In 2022 season, Uebayasi had batted .301 with one home run and 12 RBI in 33 games to start the season. However, he injured his right leg in practice before a game against the Saitama Seibu Lions on May 18, and on May 20 he was diagnosed with a ruptured Achilles tendon that required four weeks of hospitalization and six months of rehabilitation, making it impossible for him to return during the season.

In 2023 season, Uebayashi finished the regular season in 56 games with a batting average of .185, a RBI of 9. On October 22, the Hawks announced release him.

===Chunichi Dragons===
On November 29, 2023, Uebayashi signed with the Chunichi Dragons.

==International career==
In 2013, Uebayashi represented the Japan national baseball team at the 2013 18U Baseball World Cup.

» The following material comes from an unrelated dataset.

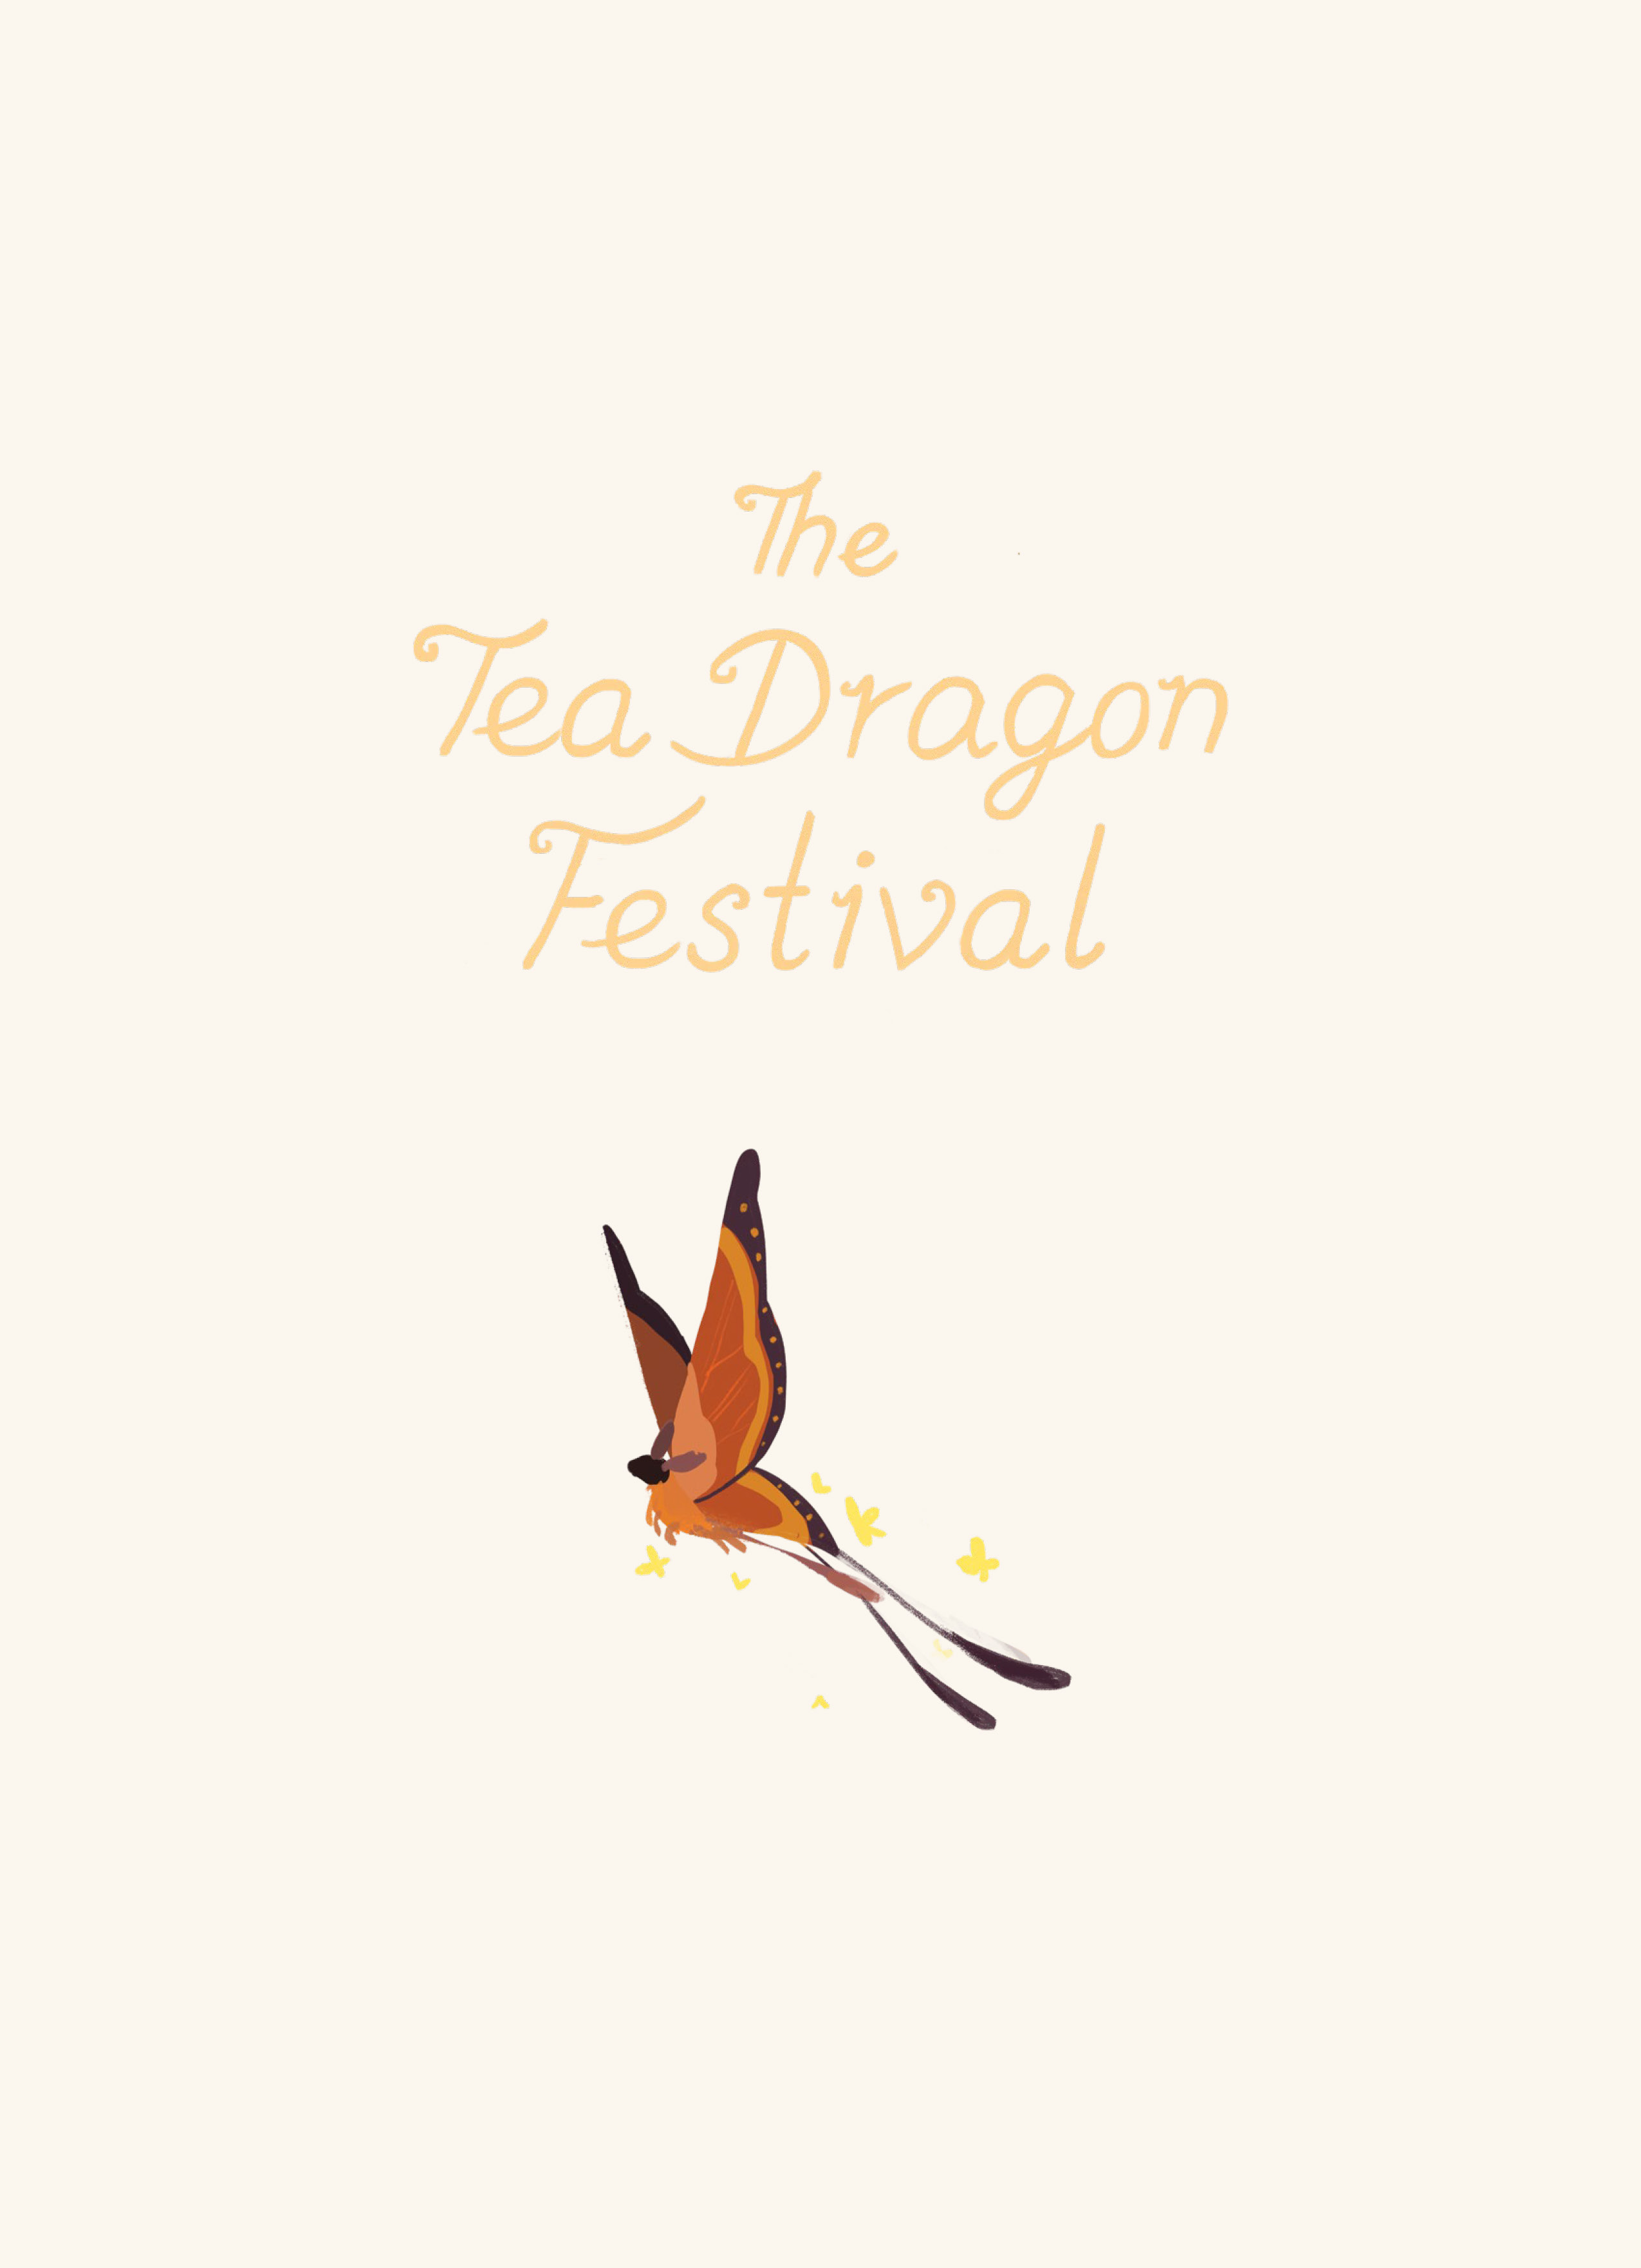 Read online The Tea Dragon Series comic -  Issue # The Tea Dragon Festival - 2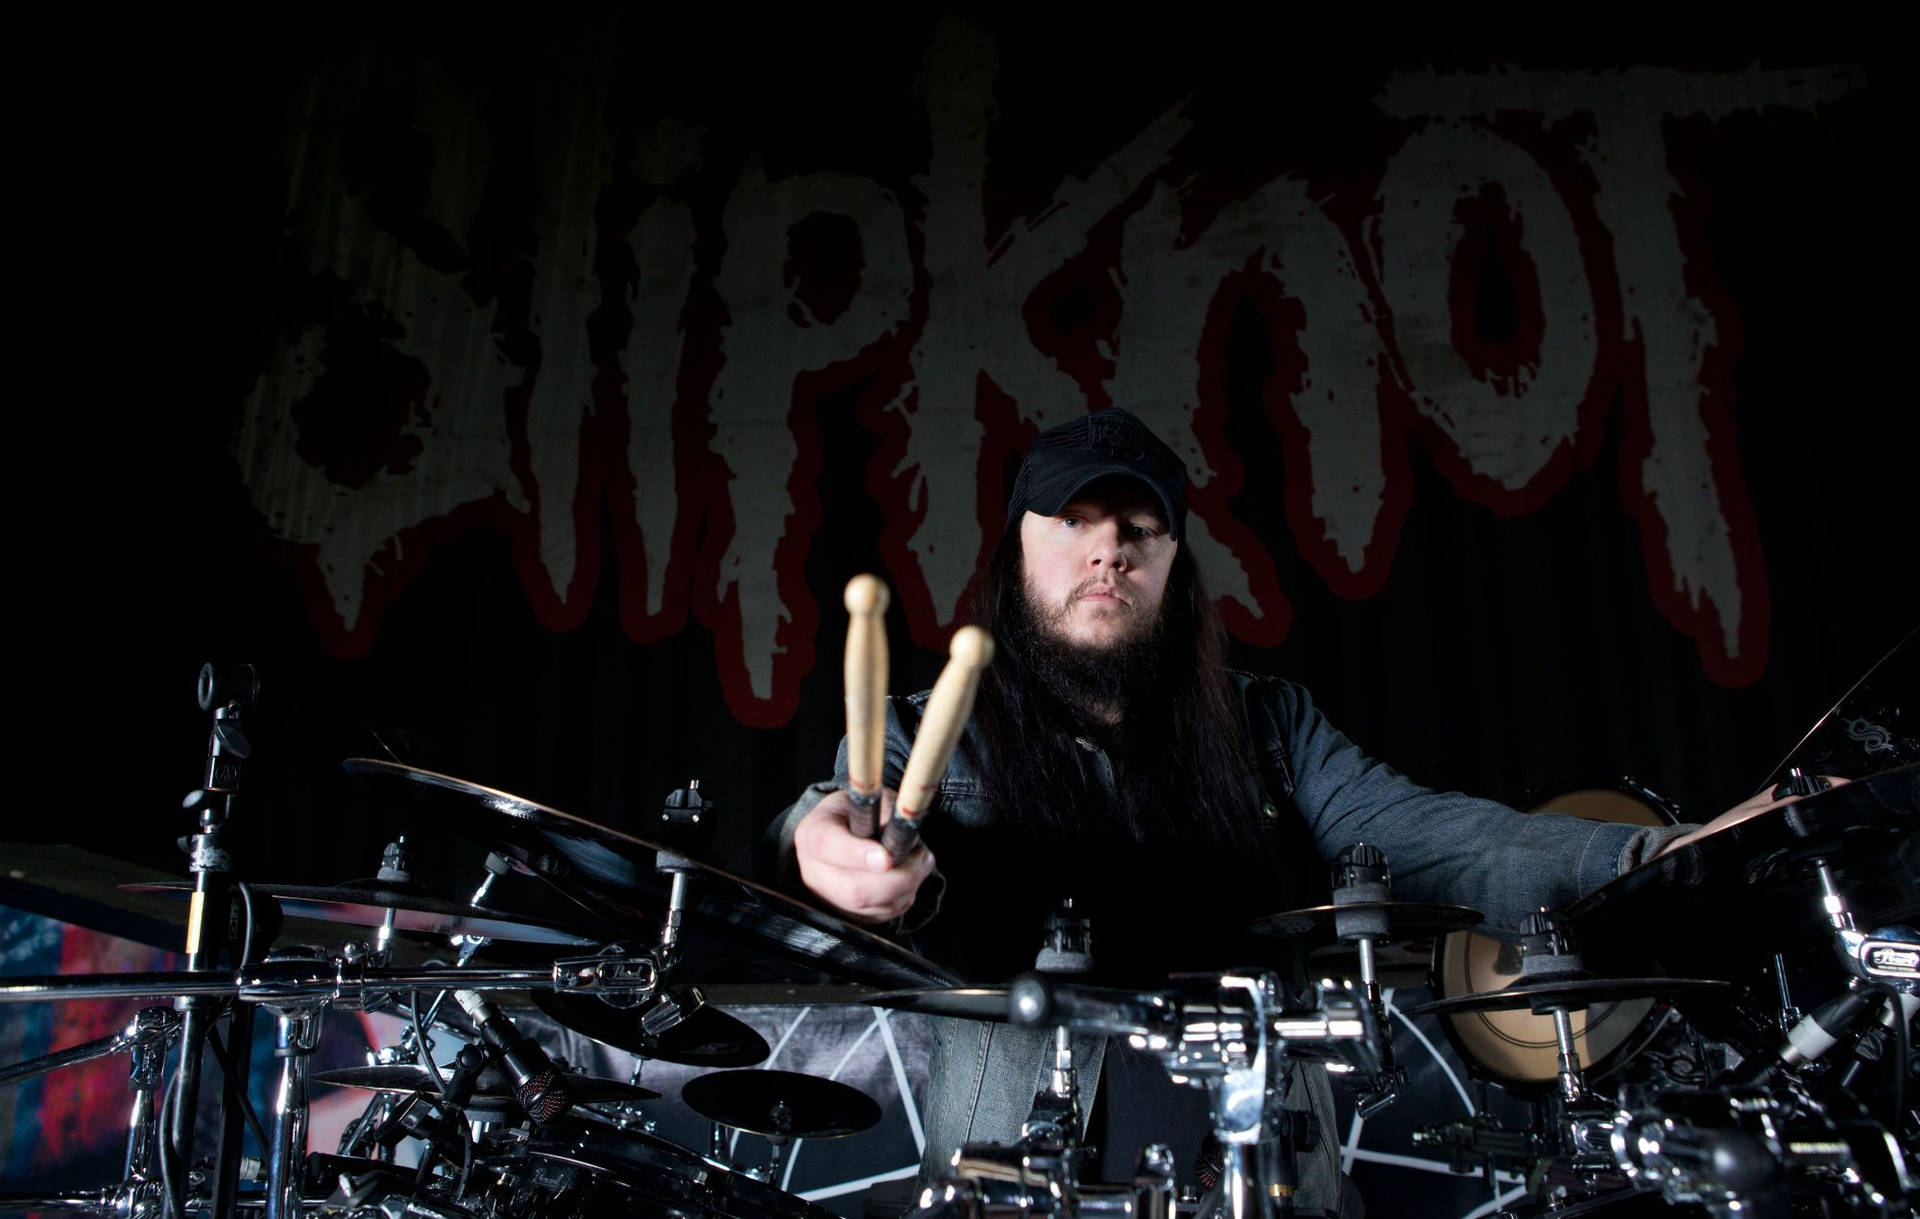 Joey Jordison Slipknot Drummer Background

On November 25, 2017, Uebayashi represented the Japan national baseball team at the 2017 Asia Professional Baseball Championship. In the match against South Korea national baseball team On November 16, he hit a three-run home run in the bottom of the tenth inning after the team lost three points in the top of the tenth inning.

On October 26, 2018, he was selected Japan national baseball team at the 2018 MLB Japan All-Star Series.

On February 27, 2019, he was selected for Japan national baseball team at the 2019 exhibition games against Mexico.